Rice (pictured with the 1965 team in Cairns, sixth from left, back row), a centre-half, was from Belfast, Northern Ireland, and played for the Footscray Capri (later JUST) club in Melbourne over 14 seasons and over 500 matches. He played seven times for his country and retired from all forms of football in 1972, making his last appearance in the green and gold against Greece in a friendly in Melbourne 1969.

Famously, though, he was heavily involved in that ill-fated tour of Cambodia and the Far East, which unfortunately for the Tiko Jelisavcic-coached Australians resulted in 6-1 and 3-1 hidings from
the same North Korean side that would go on to shock the world a year later.

In fact, Rice was one of the few players that came out of the two-match World Cup tie in suffocatingly tropical Phnom Penh with his reputation enhanced. But, crucially, not for his football. Rather his spirit.

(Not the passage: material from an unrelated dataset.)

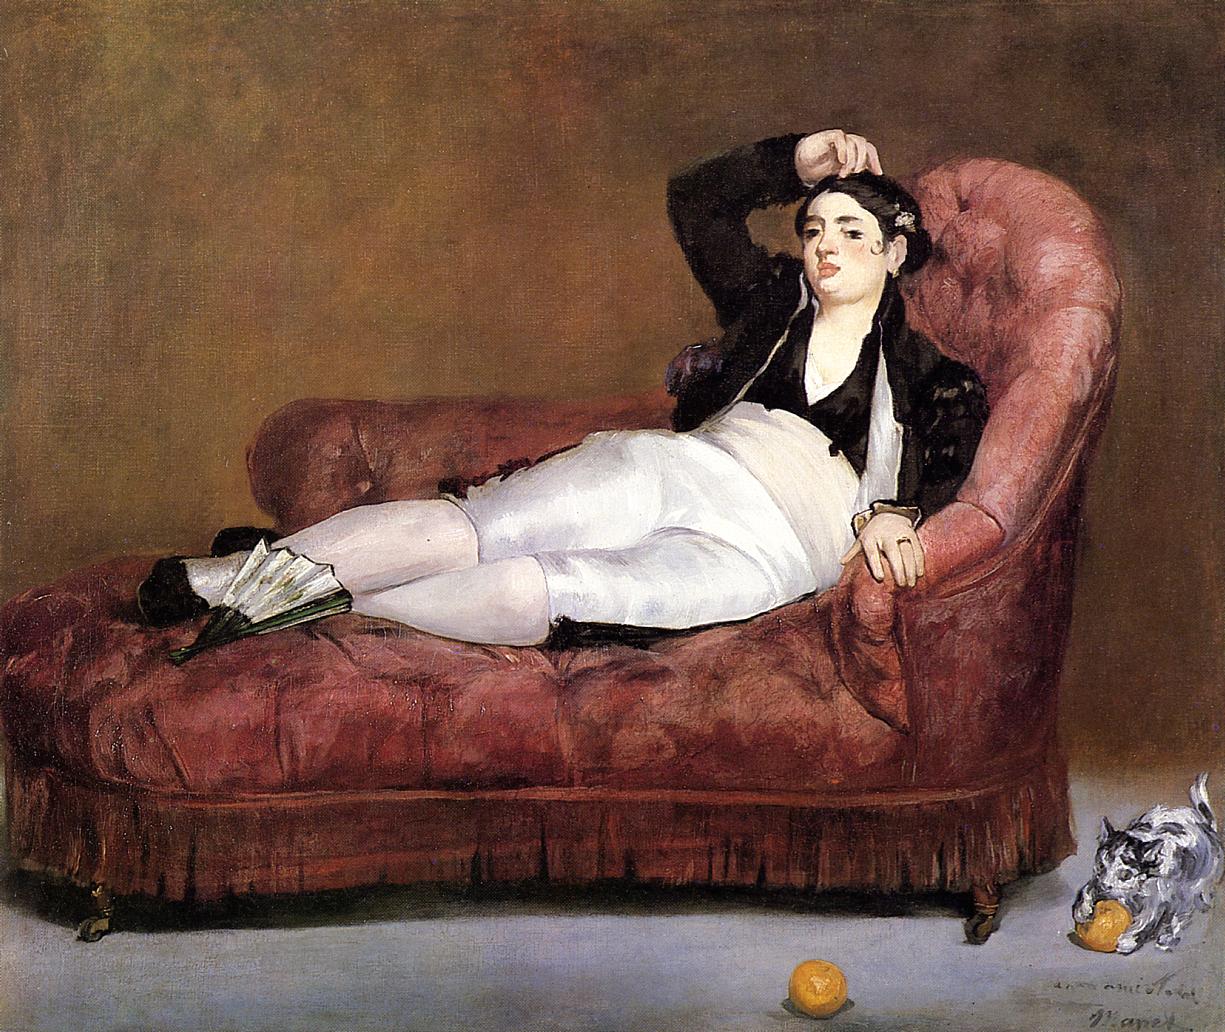 Эдуард Мане. "Лежащая молодая женщина в испанском костюме". 1862. Картинная калерея Йельского университета, Нью-Хейвен.

As I write in my book, 15 Days in June: In the second game, with five goals against and their chances of qualification as good as dead, the Australians could have opted to surrender meekly and be slaughtered by the Koreans, but they gave it their all, refusing to countenance defeat until the final whistle. Bodies were literally exhausted in the pursuit of a face-saving result.

None more so than Rice. With much of the squad hampered with gastric problems from the local food and water, he too succumbed with stomach cramps halfway through the game with the score locked at 1-1 but played on right till the end. Substitutions werent permitted. The ornery Jelisavcic, however, wasnt exactly overflowing with gratitude.

John Watkiss explained: Everybody gave everything they had in that game. It was very hot, very humid, very draining and Billy collapsed after the game. A couple of the guys picked him up and carried him off on their shoulders to the side of the pitch, and Tikos reaction was to stand up and say, Let the bastard walk! Some of the players flew into him then and he lost all respect from the players after that.

In his wonderful labour of love Australian Soccer Records, Sid Grant called Rice a wise captain as well as a grand stopper [he] won fame as an efficient pivot.

He stopped playing before I was born but I love the stories about Rice from that tour. In many ways, like some wounded digger on the Western Front, he was the progenitor of the sometimes maligned but intrinsic football myth of the Aussie fighting spirit, where stamina and pluck is placed on a pedestal over skill and ability.

Perhaps he never wanted to be remembered for that match, few of his teammates from 1965 do, but like I write in 15 Days, on the turf in Phnom Penhs Stade Olympique, which is still standing against all the odds, lie the tread marks of Billy Rice and the 65 Socceroos. Here, in this forgotten field in South-East Asia, not Germany, is the true place where the legend of the Socceroos was born.

Which makes Billy Rice, in my view, one of the most historically important figures in the Australian game.

Godspeed, friend.
 

kevrenor

Well-Known Member
RECKY said:
Vale Billy Rice, we hardly knew you...by Jesse Fink
Ive been so caught up in Arnoldgate the past few weeks that I neglected to mention the recent passing of Billy Rice, one of the original Australian tourists (they were Socceroos in all but name) on this countrys inaugural World Cup campaign in 1965 ......

A big thanks for that! I remember (yes I am that old) our boys going off with the Australian football community (as it was) confident, even arrogant, and us getting our nappies changed and botties spanked by Asia. 
 

BrisRecky

I'm an idiot savant without the pesky savant bit
not a prob Kev...i think any socceroo of years past should get the same acknowledgement as say Johnny Raper or Ron Barassi etc ...but they dont...so this praise of Billy was a nice thing to happen
 

clarence

Well-Known Member
From what I've read, the media and the team themselves thought they only had to turn up and kick the ball around to win a qualifying spot into the 66 WC.

And from there came the tradition of media and officials hyping up the expectations of the Australian team against Asian opponents and then being soundly flogged into the reality of football.
(Last time being Arnold's last Socceroos in the Asian Cup)

Never saw the guy play or knew about him other than being in that team. May he RIP and condolences to his family.